■ **What to produce**: I'd like the data beneath this line reproduced exactly, without any of its images.

** Opening Supplied data block **

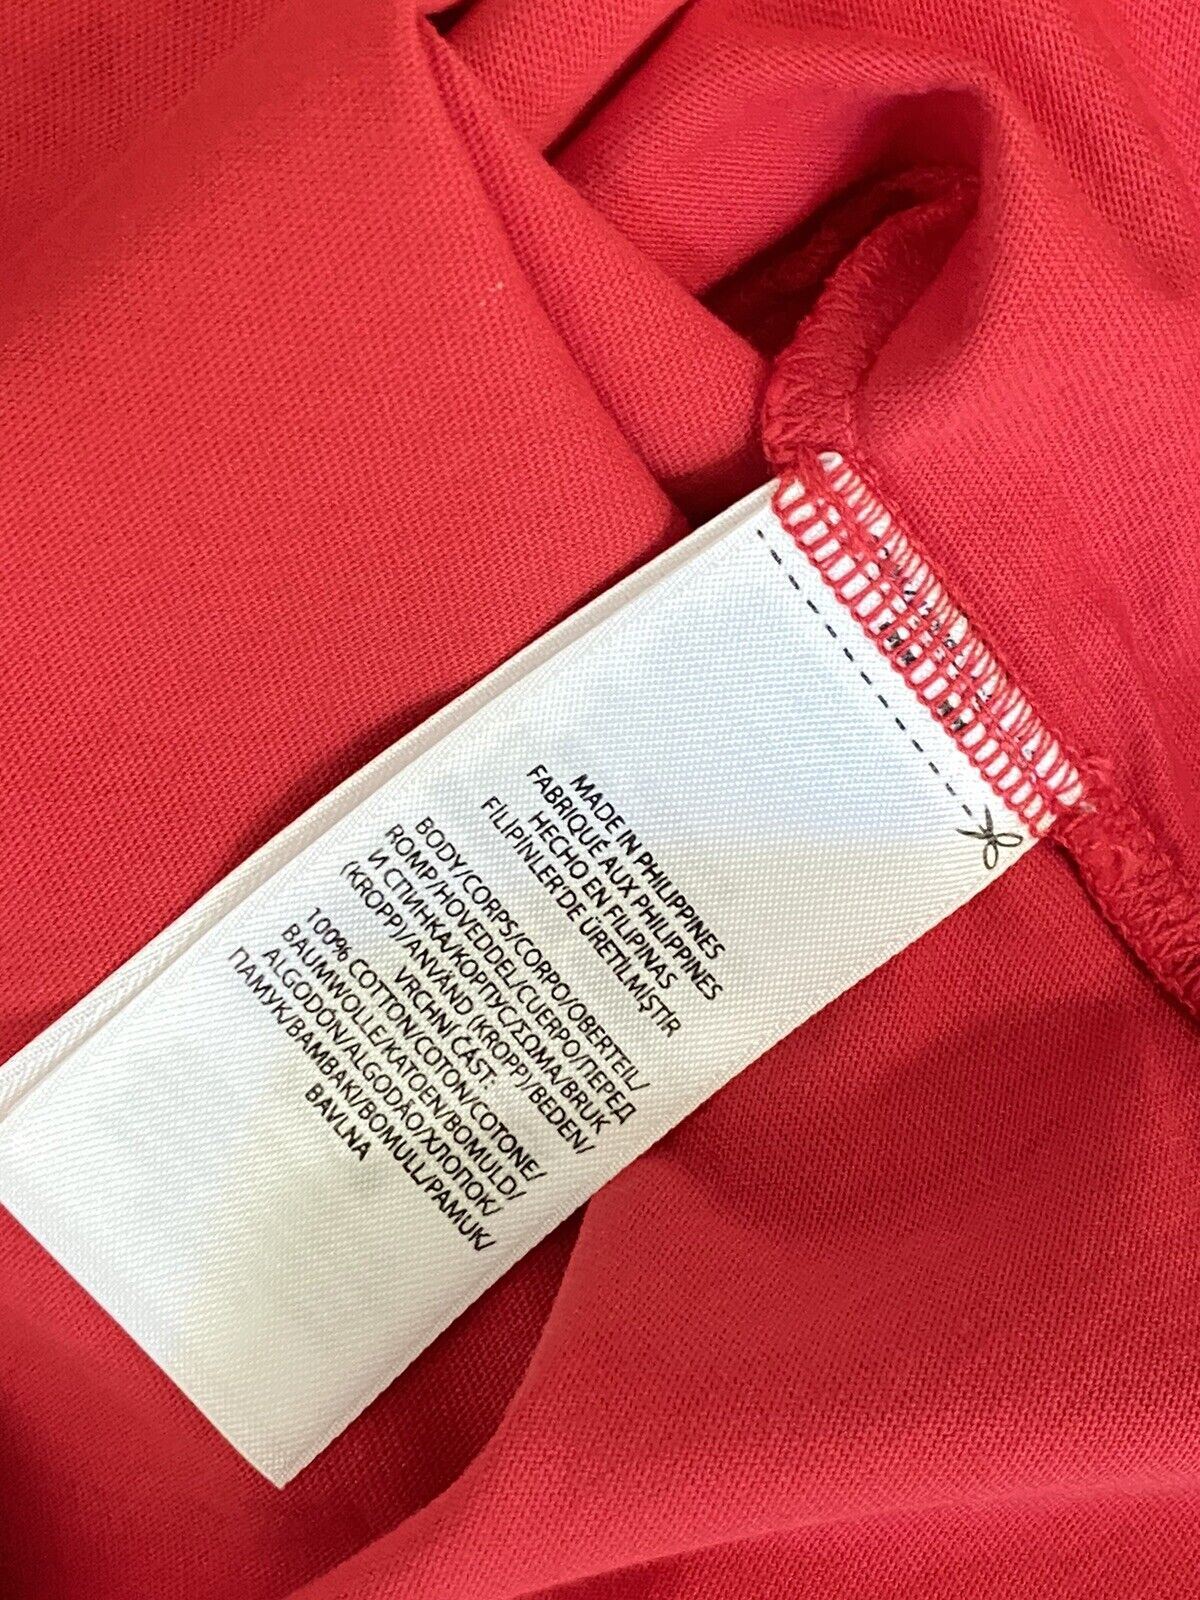 NWT Polo Ralph Lauren Short Sleeve Signature Logo T-shirt Red 2XL
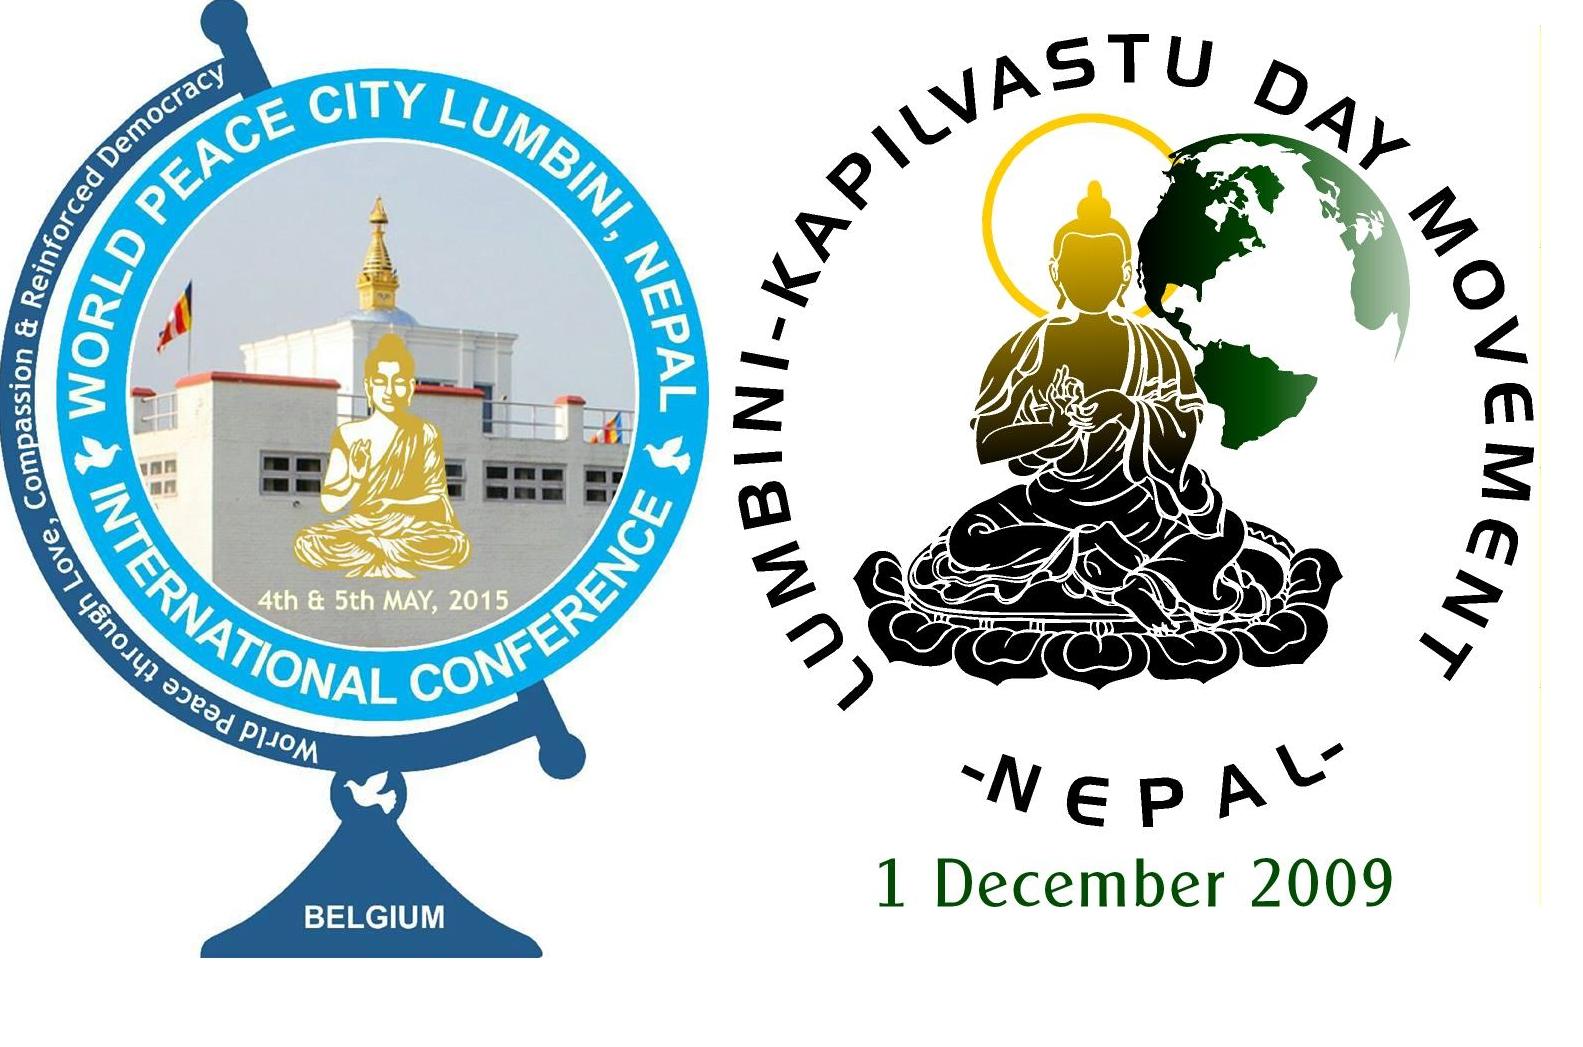 लुम्बिनी-कपिलवस्तु दिवस विश्व अभियान द्वारा आयोजित  अन्तर्राष्ट्रिय सम्मेलनको तयारी अन्तिम चरणमा
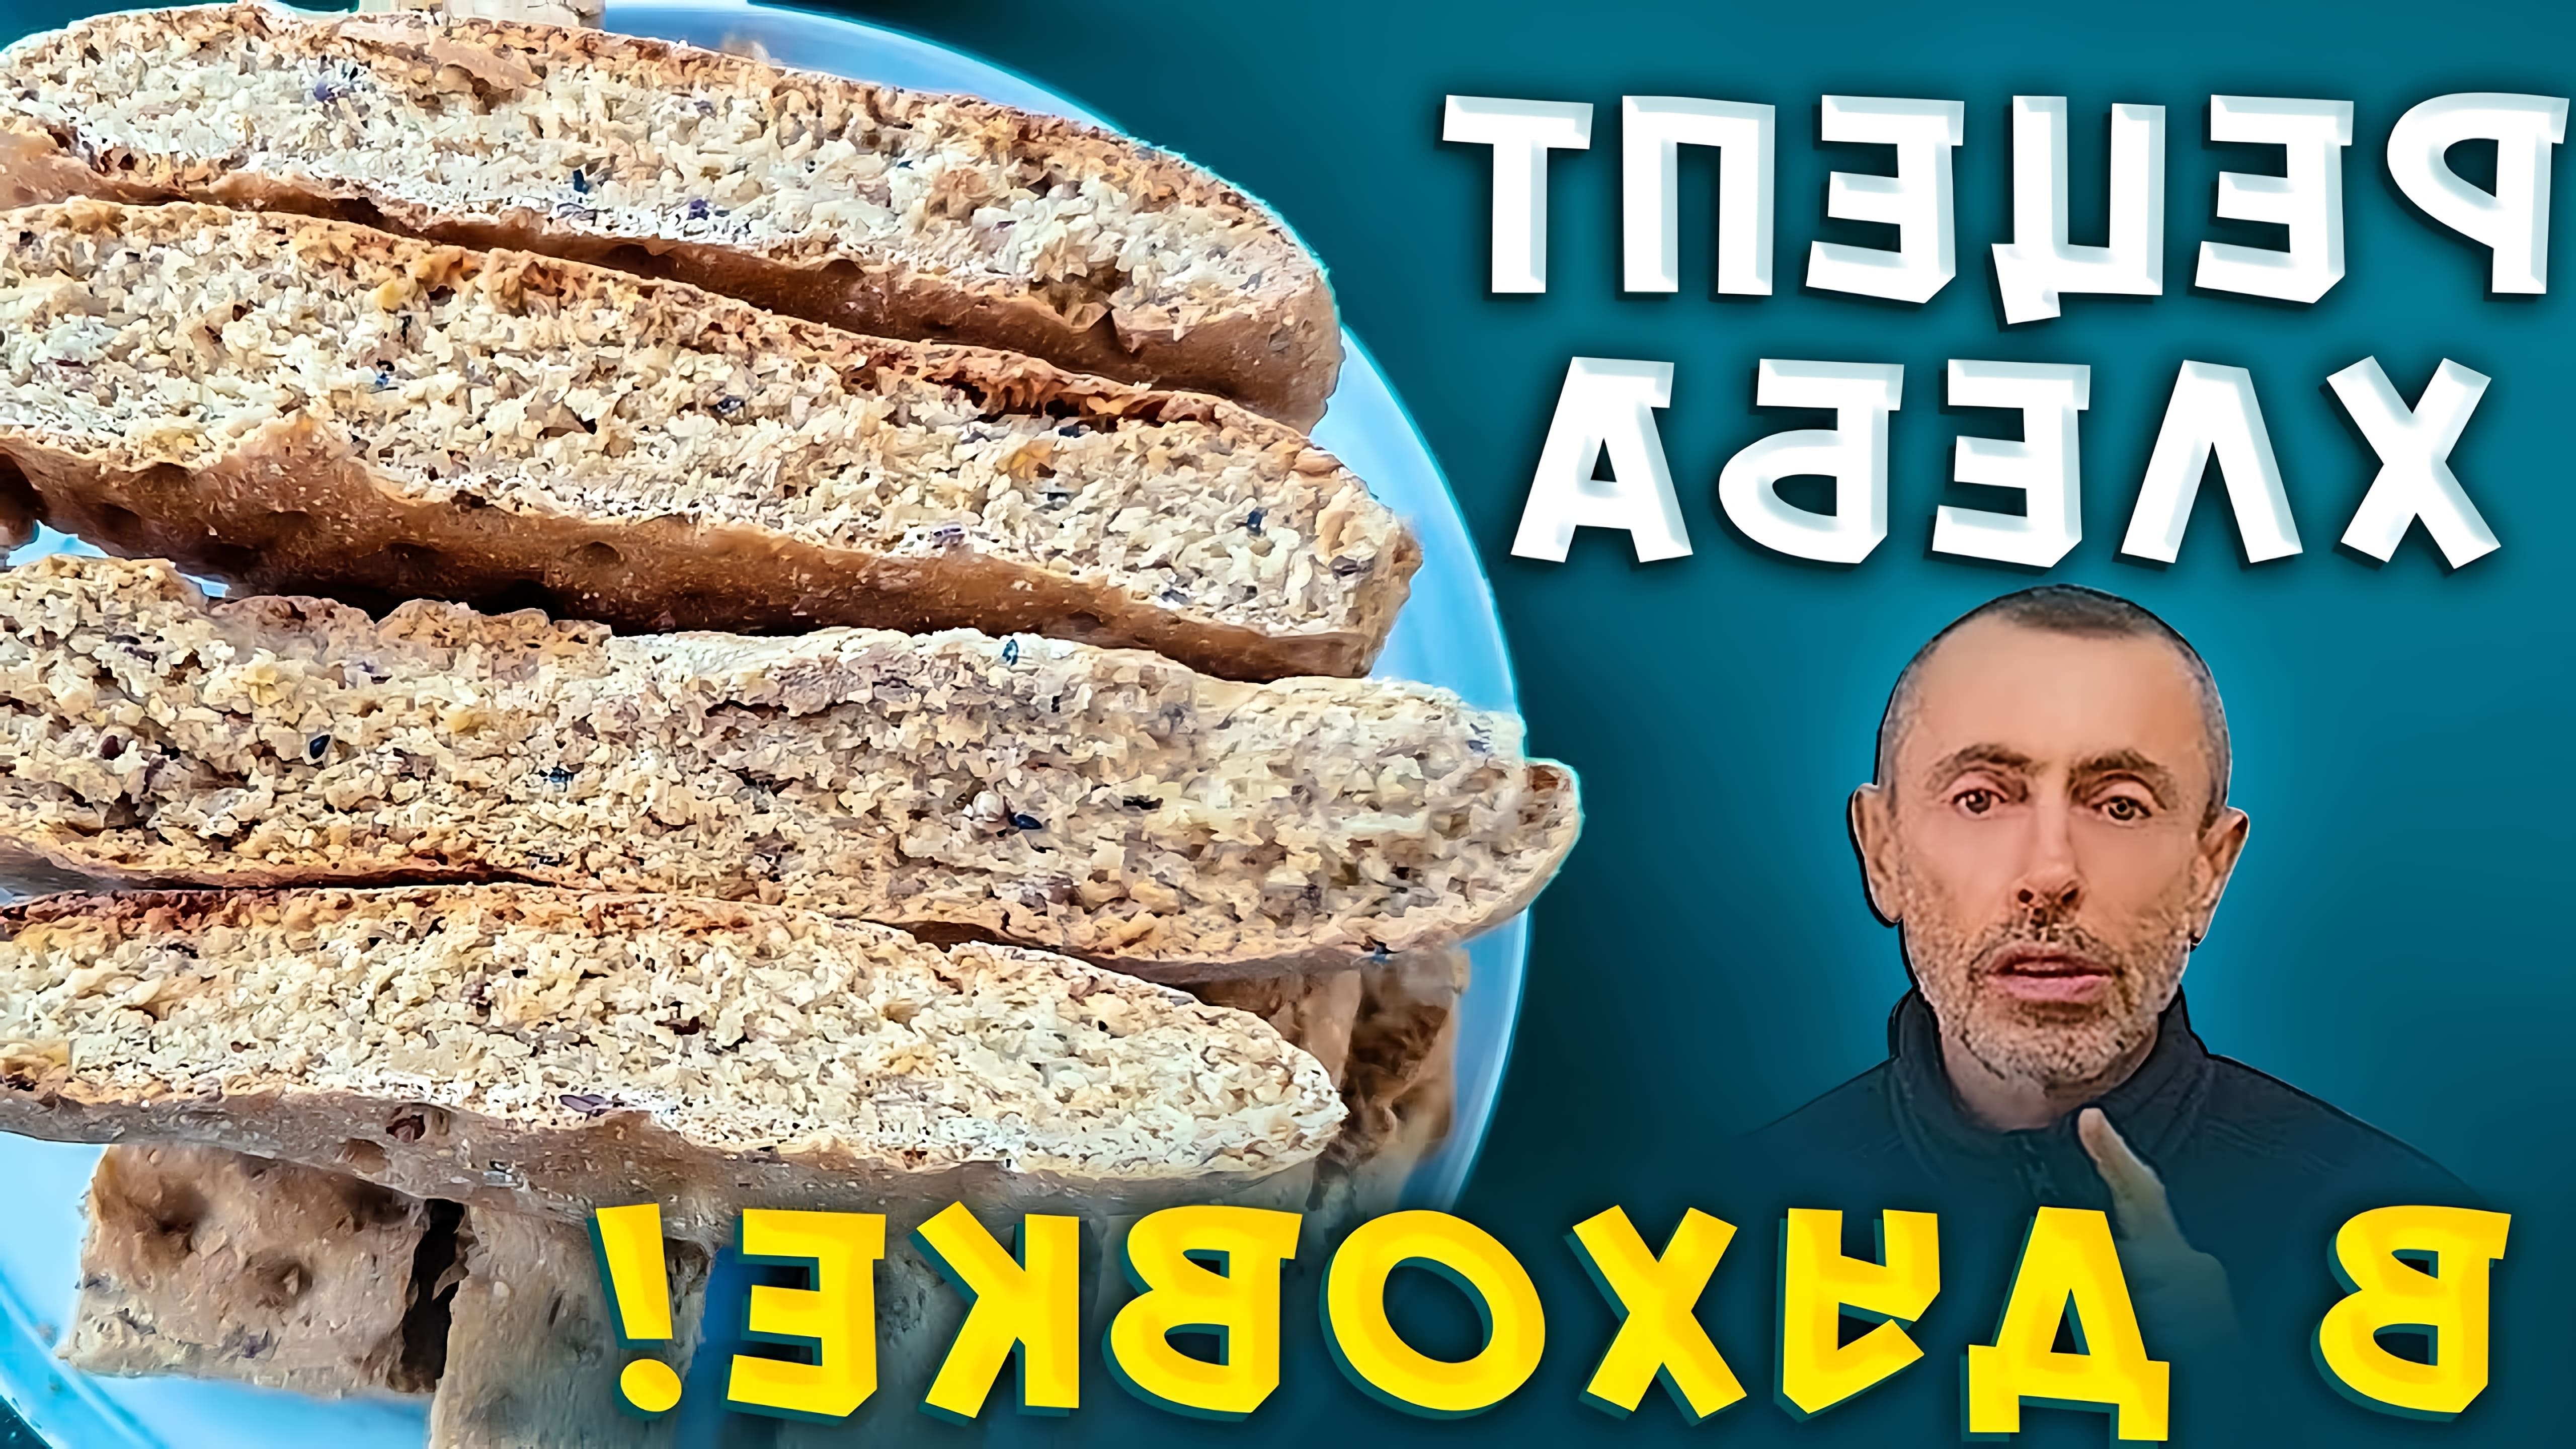 В данном видео демонстрируется рецепт приготовления домашнего цельнозернового хлеба
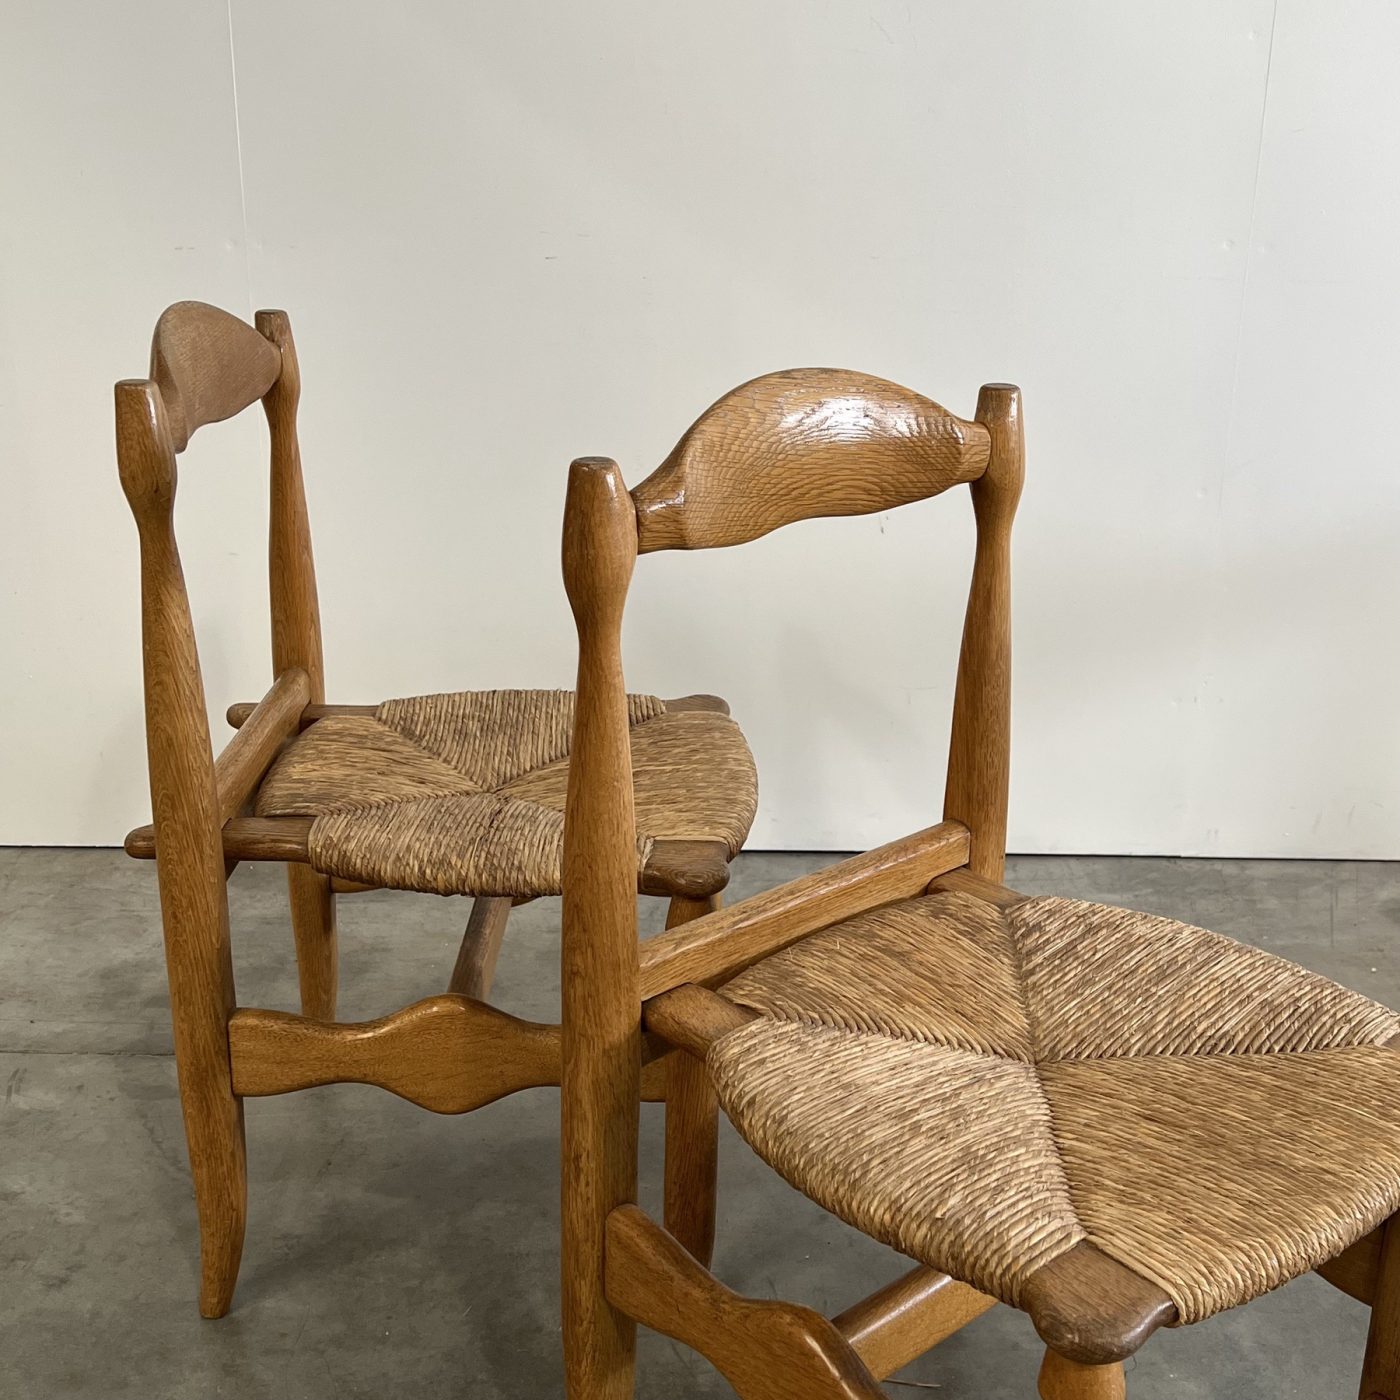 objet-vagabond-guillerme-chairs0001

** Closing Supplied data block **

■ **Solution to this exercise**:
 NWT Polo Ralph Lauren Short Sleeve Signature Logo T-shirt Red 2XL
 लुम्बिनी-कपिलवस्तु दिवस विश्व अभियान द्वारा आयोजित  अन्तर्राष्ट्रिय सम्मेलनको तयारी अन्तिम चरणमा
 В данном видео демонстрируется рецепт приготовления домашнего цельнозернового хлеба
 objet-vagabond-guillerme-chairs0001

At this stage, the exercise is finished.